86'ed: New York City's Restaurant during the Pandemic

New York, NY, USA

By Shaheryar Manzar
food, restaurants, covid19l, urban

Public data on restaurants, labour, federal support, and news sites is used to map the impact of COVID19 on New York City restaurants.

The hospitality industry has always been a critical component of New York City’s economic and cultural significance, employing hundreds of thousands, attracting millions of visitors who spend around $46 billion annually, and contributing to its image as a cultural powerhouse.

The New York City restaurant industry accounted for about 1 in 12 private sector jobs and establishments citywide in 2019. Most of the labour which the industry relies upon is largely undocumented and therefore, unprotected. This labour is also predominantly made up of minority populations with relative lower average wages compared to the rest of the city In March 2020, when the COVID-19 lockdown began, the industry suffered a dual burden of having lost the customer flow on which it depended on for survival but also now being termed as “essential”. Many businesses shut down, some permanently. Most significantly reduced service operations.There is a need to understand and document the changes in the hospitality industry because they are fundamentally changing their own streets and neighbourhoods, and in doing so transforming the city as a whole.

In my project, public data on restaurants, labour, federal support, and data collected and ‘scrapped’ from the news sites will be used to chart out and map the significance of the industry to New York City, the damage done by the pandemic, and finally, the attempted recovery efforts.

First, I looked towards the city’s historical restaurant/storefront designs to try and capture relevant aesthetics.

I settled on the old diners’ neon aesthetic (New York City diners being another slowly disappearing aspect of the city) and used that to style the typography, and map layers of the project.
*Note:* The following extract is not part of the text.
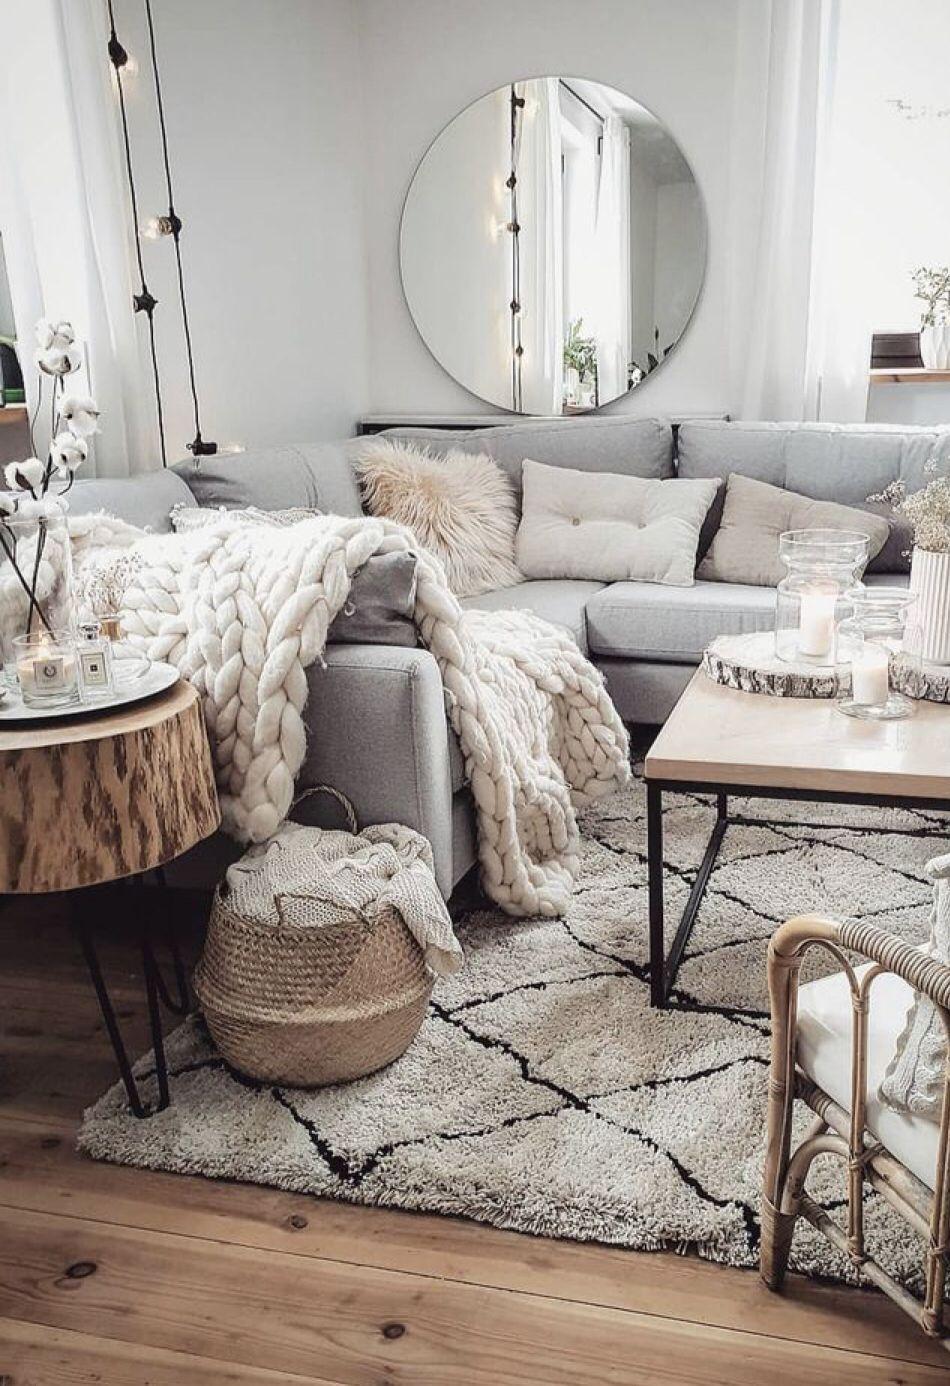 Minimalism Living Room Design Inspiration Living Room Decor Cozy Living Room Scandinavian Home Living Room

I initially planned the project to be a single page application with relevant graphs on the left side and responsive map on the right. Then I iterated with one large basemap with layers being triggered via a slider. Finally, I settled on using a “scrolly-telling” map to both convey a narrative, and to give the viewers a walk-through of toggling different layers so that in the end they can choose to explore the map via their own preferred layers. I added an input field to quickly jump to the users own neighborhood.

The data collating, and cleaning was perhaps the largest component of the project. I used the Annual Census Survey (ACS) data to gather relevant information about occupation and race demographics of different New York City neighbourhoods. I scraped the ‘obituaries’ of the many restaurants which shutdown in the pandemic from websites like Eater, and the New York Magazine and often geo-coded them by hand. Finally, I used the Mapbox GL JS library to implement the collected geo-data layers as an interactive webmap. 

Finally, it came together as scrolly-telling map which introduces users to a story about the city’s restaurant industry and then allows users to take control of the map completely to view their own neighborhoods.